Get an early preview of O'Reilly's new ebook for the step-by-step guidance you need to start using Delta Lake.

Delta Lake: Basic Mechanics

Click to expand

First, let's do a quick review of how a Delta Lake table is structured at the file level. When you create a new table, Delta saves your data as a series of Parquet files and also creates the _delta_log folder, which contains the Delta Lake transaction log. The ACID transaction log serves as a master record of every change (known as a transaction) ever made to your table. As you modify your table (by adding new data, or performing an update, merge, or delete, for example), Delta Lake saves a record of each new transaction as a numbered JSON file in the delta_log folder starting with 00...00000.json and counting up. Every 10 transactions, Delta also generates a "checkpoint" Parquet file within the same folder, that allows the reader to quickly recreate the state of the table.

Ultimately, when you query a Delta Lake table, a supported reader refers to the transaction log to quickly determine which data files make up the most current version of the table. Instead of listing files from your cloud object stores, the paths of the exact files needed are provided significantly improving query performance. With DML operations, like the ones we'll discuss in this post, Delta Lake creates new versions of files rather than modifying them in place — and uses the transaction log to keep track of it all. Learn more by reading the previous article in this series, Diving Into Delta Lake: Unpacking The Transaction Log.

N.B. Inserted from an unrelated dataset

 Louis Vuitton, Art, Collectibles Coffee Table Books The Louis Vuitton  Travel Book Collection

Now that you have a basic understanding of how Delta Lake works at the file system level, let's dive into how to use DML commands on Delta Lake, and how each operation works under the hood. The following examples will use the SQL syntax as part of Delta Lake 0.7.0 and Apache Spark 3.0; for more information, refer to Enabling Spark SQL DDL and DML in Delta Lake on Apache Spark 3.0.

Delta Lake DML: UPDATE

You can use the UPDATE operation to selectively update any rows that match a filtering condition, also known as a predicate. The code below demonstrates how to use each type of predicate as part of an UPDATE statement.

UPDATE: Under the hood

Delta Lake performs an UPDATE on a table in two steps:

Find and select the files containing data that match the predicate, and therefore need to be updated. Delta Lake uses data skipping whenever possible to speed up this process.
Read each matching file into memory, update the relevant rows, and write out the result into a new data file.

Once Delta Lake has executed the UPDATE successfully, it adds a commit in the transaction log indicating that the new data file will be used in place of the old one from now on. The old data file is not deleted, though. Instead, it's simply "tombstoned" — recorded as a data file that applied to an older version of the table, but not the current version. Delta Lake is able to use it to provide data versioning and time travel.

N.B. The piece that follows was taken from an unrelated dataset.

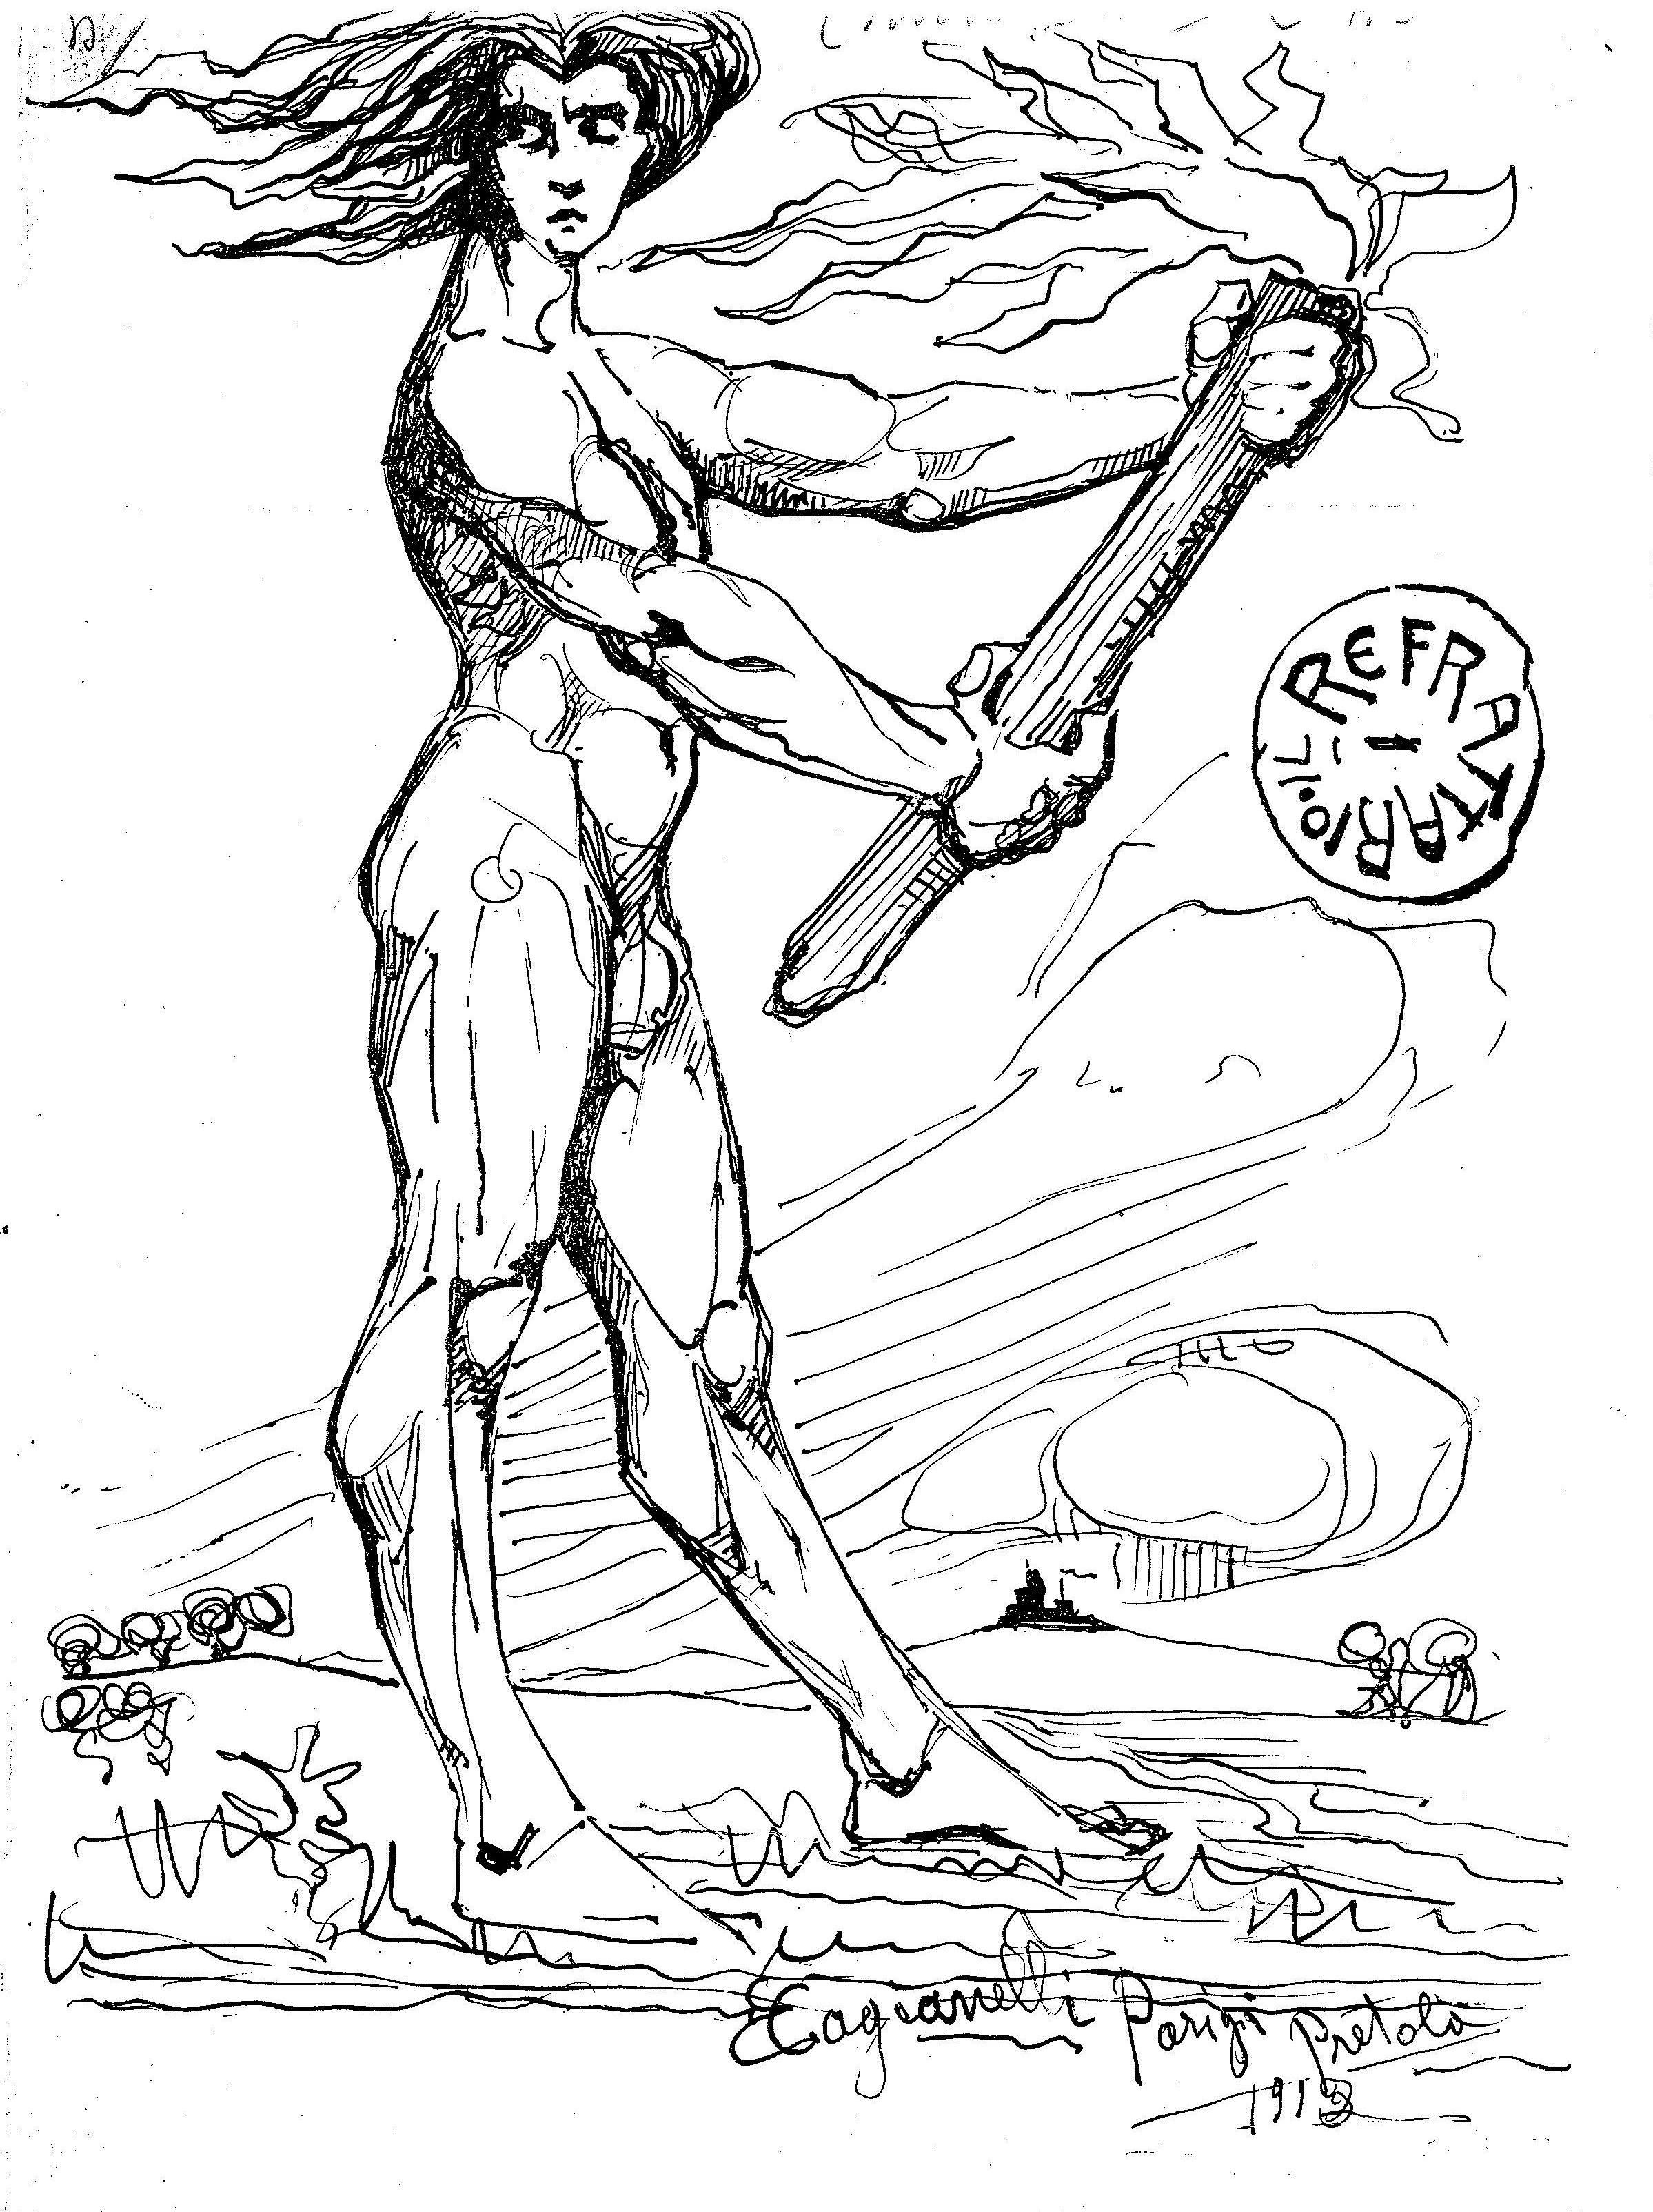 Copertina della rivista "Il Refrattario" del 1913

UPDATE + Delta Lake time travel = Easy debugging

Keeping the old data files turns out to be very useful for debugging because you can use Delta Lake "time travel" to go back and query previous versions of a table at any time. In the event that you update your table incorrectly and want to figure out what happened, you can easily compare two versions of a table to one another.

UPDATE: Performance tuning tips

The main way to improve the performance of the UPDATE command on Delta Lake is to add more predicates to narrow down the search space. The more specific the search, the fewer files Delta Lake needs to scan and/or modify.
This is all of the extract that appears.